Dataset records
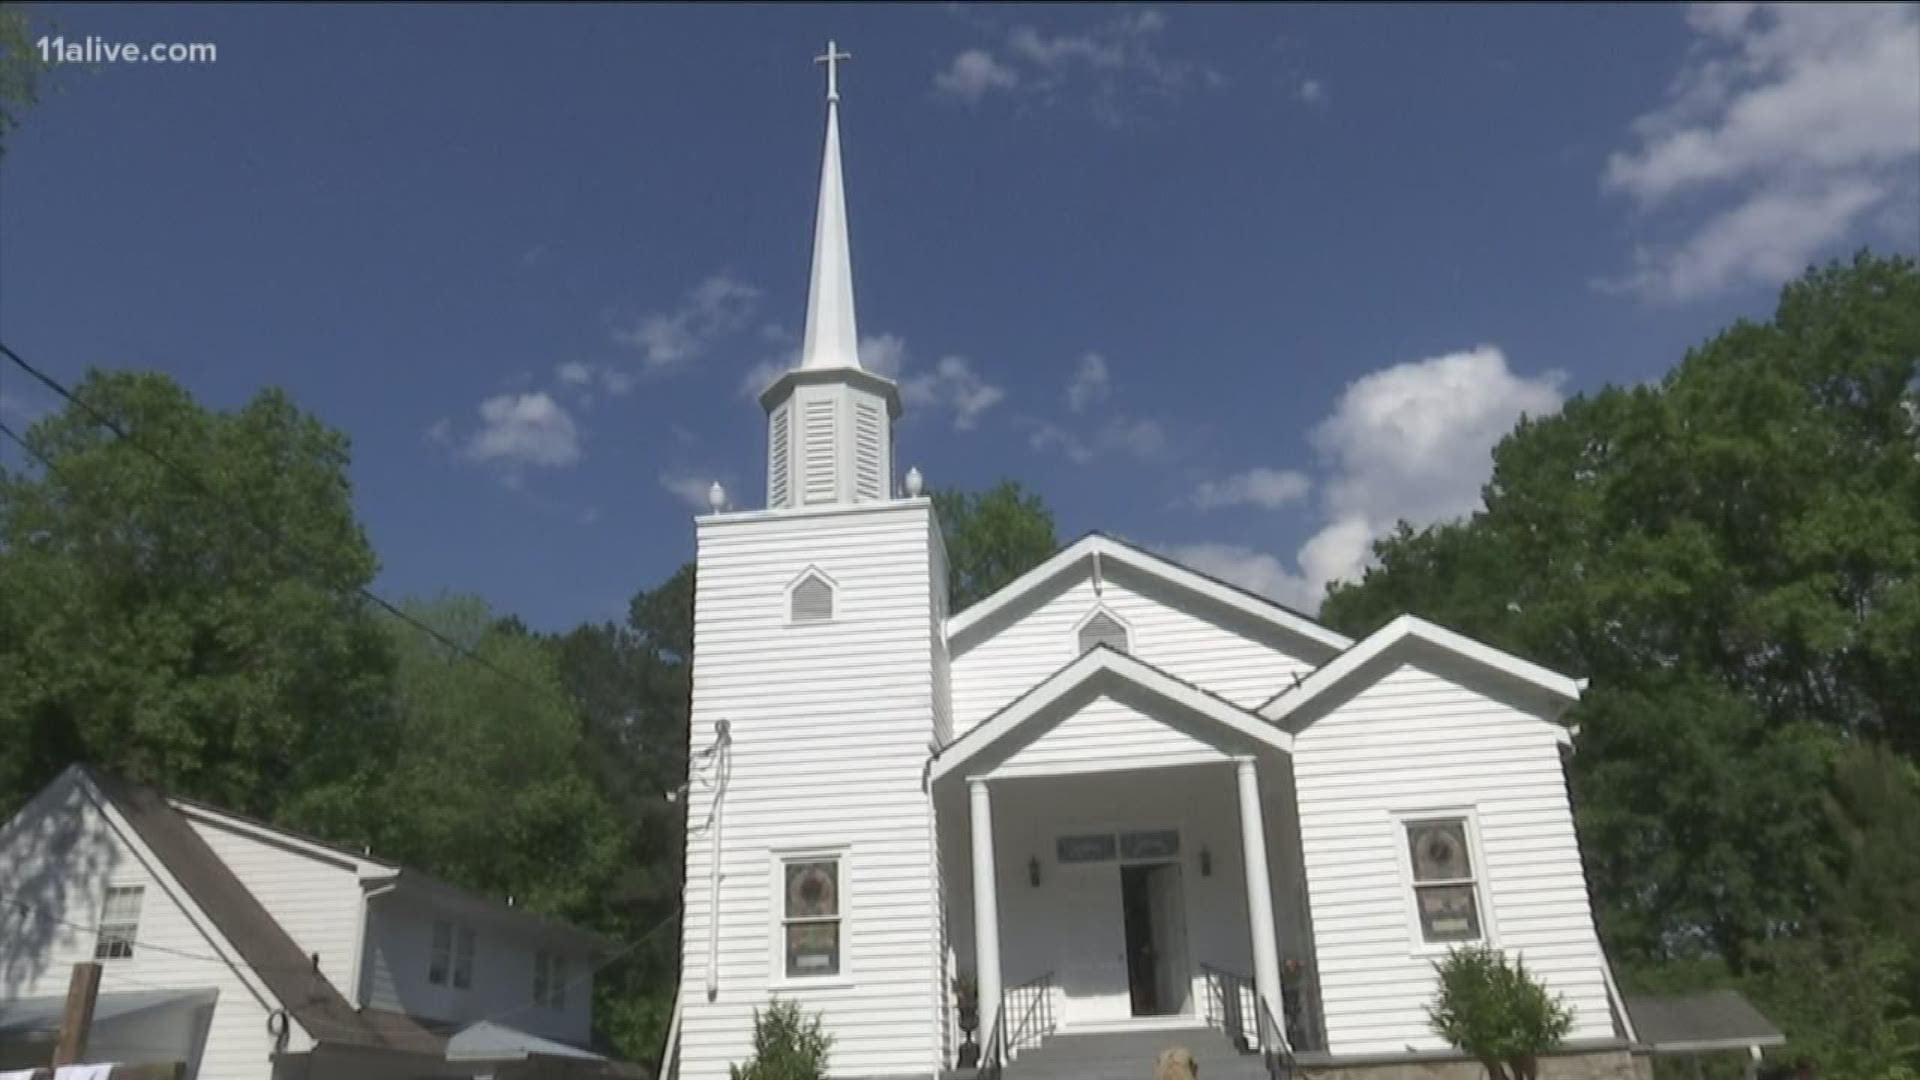 New Hope AME celebrated during a special Sunday service. The church dates back to 1869.
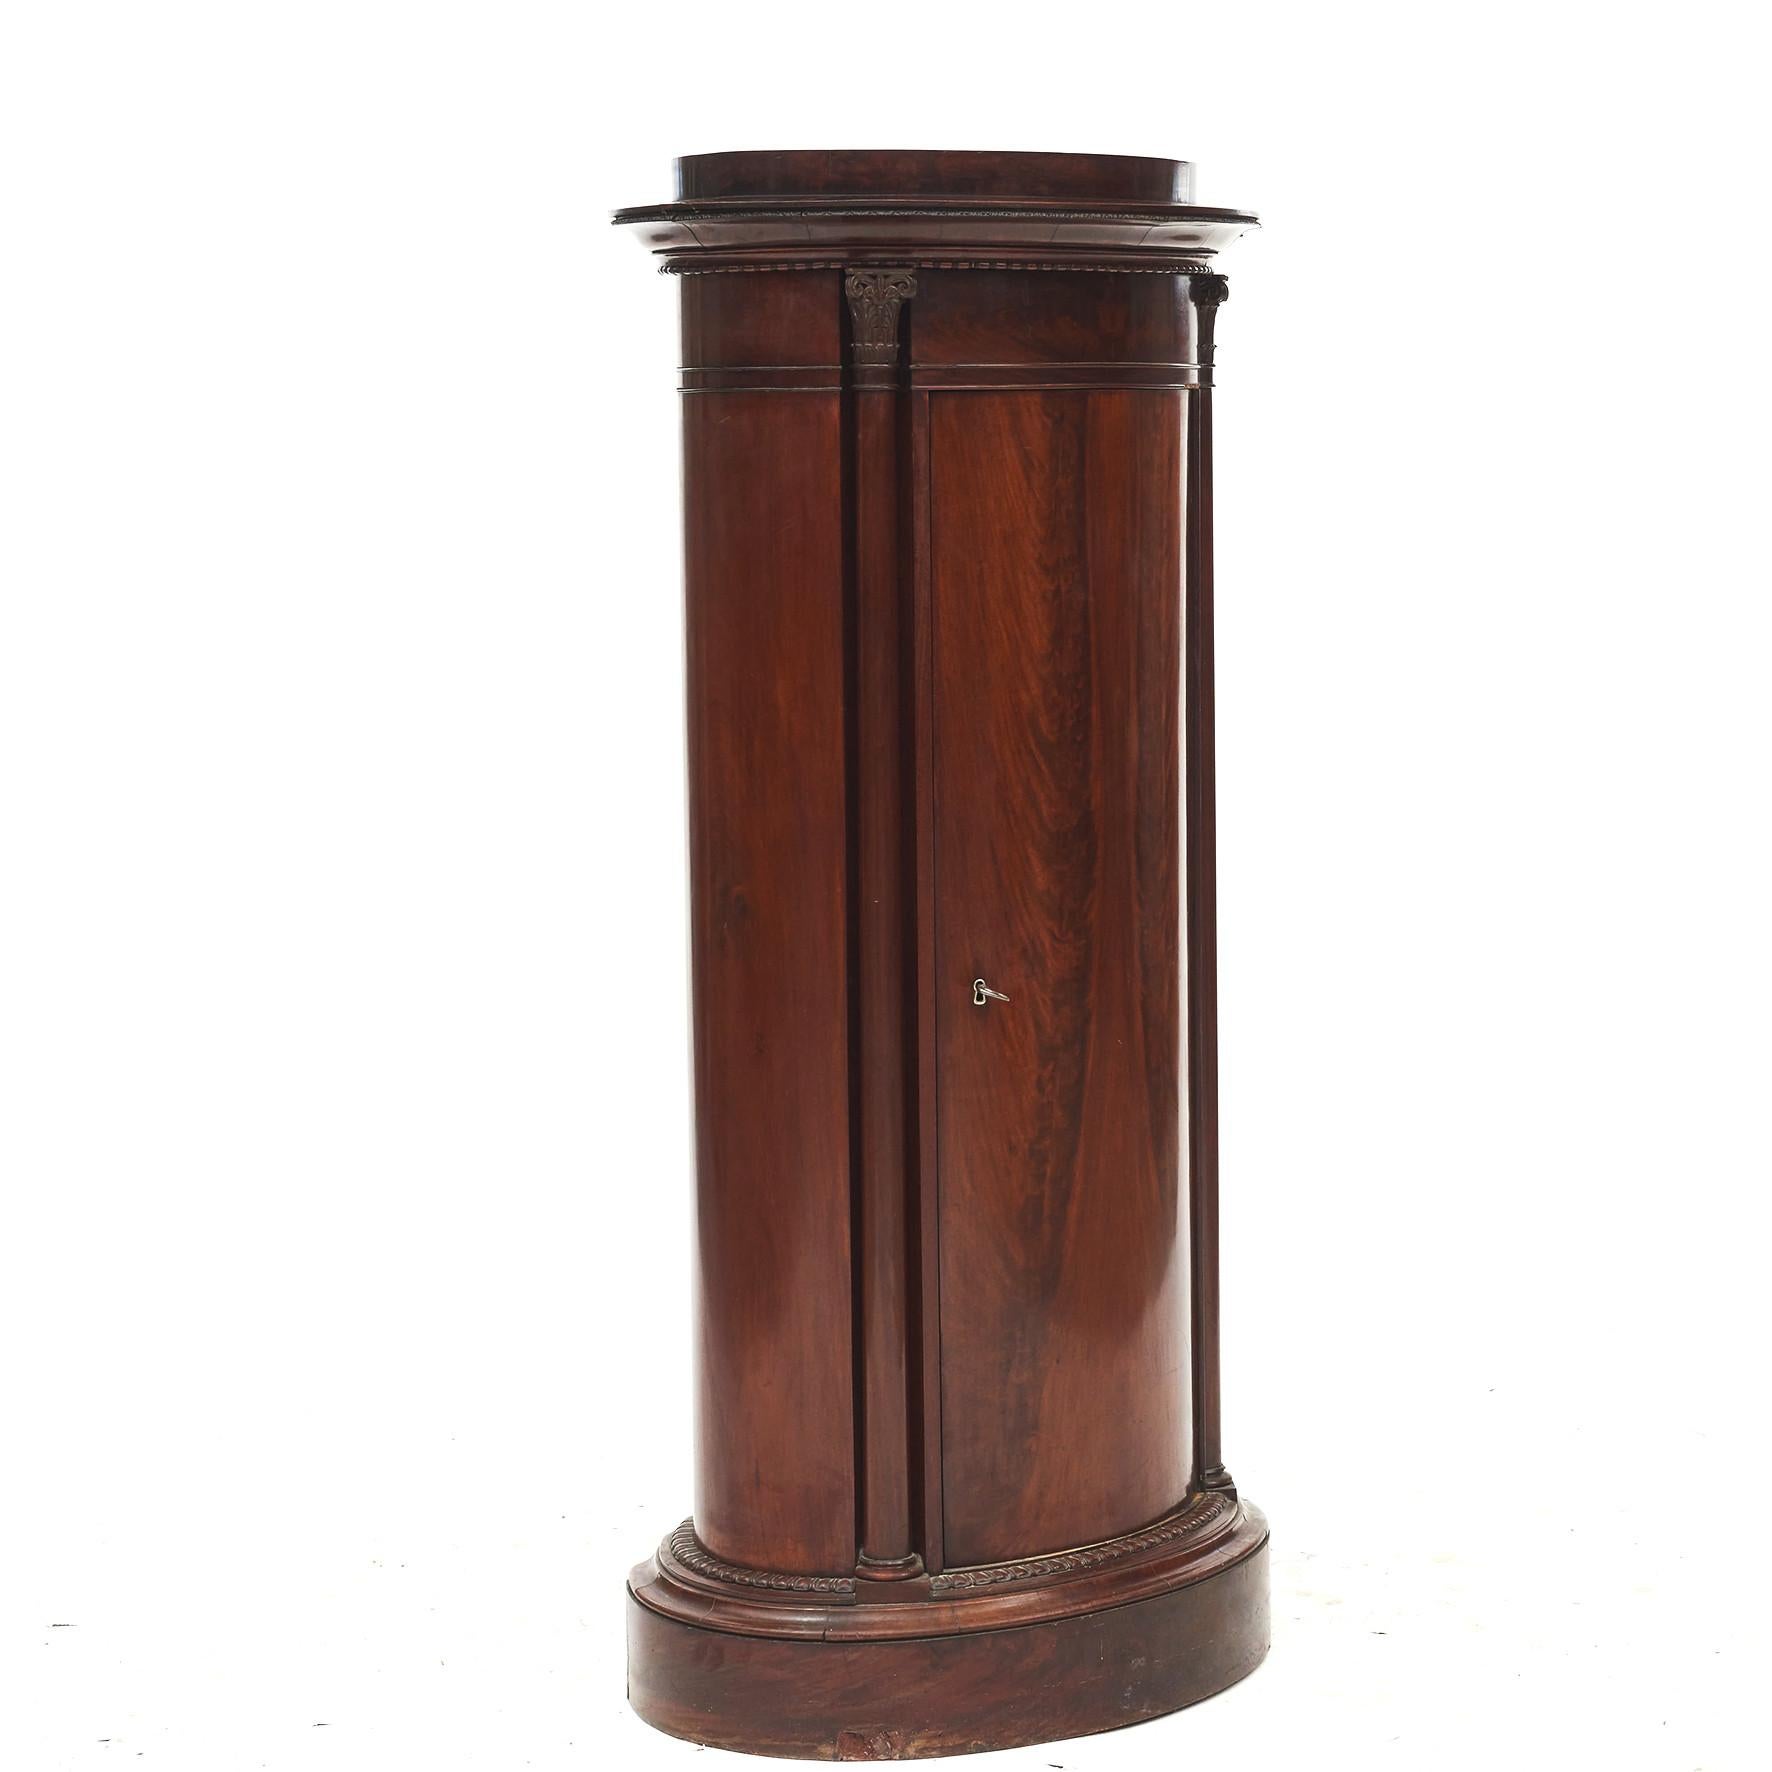 Danish late Empire burl mahogany pedestal cabinet.
Curved single-door cabinet in oval shape.
Door flanked by columns with capitals.
In rare untouched condition.

Copenhagen, Denmark, 1830-1840.

§ **Your instructions**: Please copy every entry exactly, without the pictures.

§ **Written answer**:
 New Hope AME celebrated during a special Sunday service. The church dates back to 1869.
 Danish late Empire burl mahogany pedestal cabinet.
Curved single-door cabinet in oval shape.
Door flanked by columns with capitals.
In rare untouched condition.

Copenhagen, Denmark, 1830-1840.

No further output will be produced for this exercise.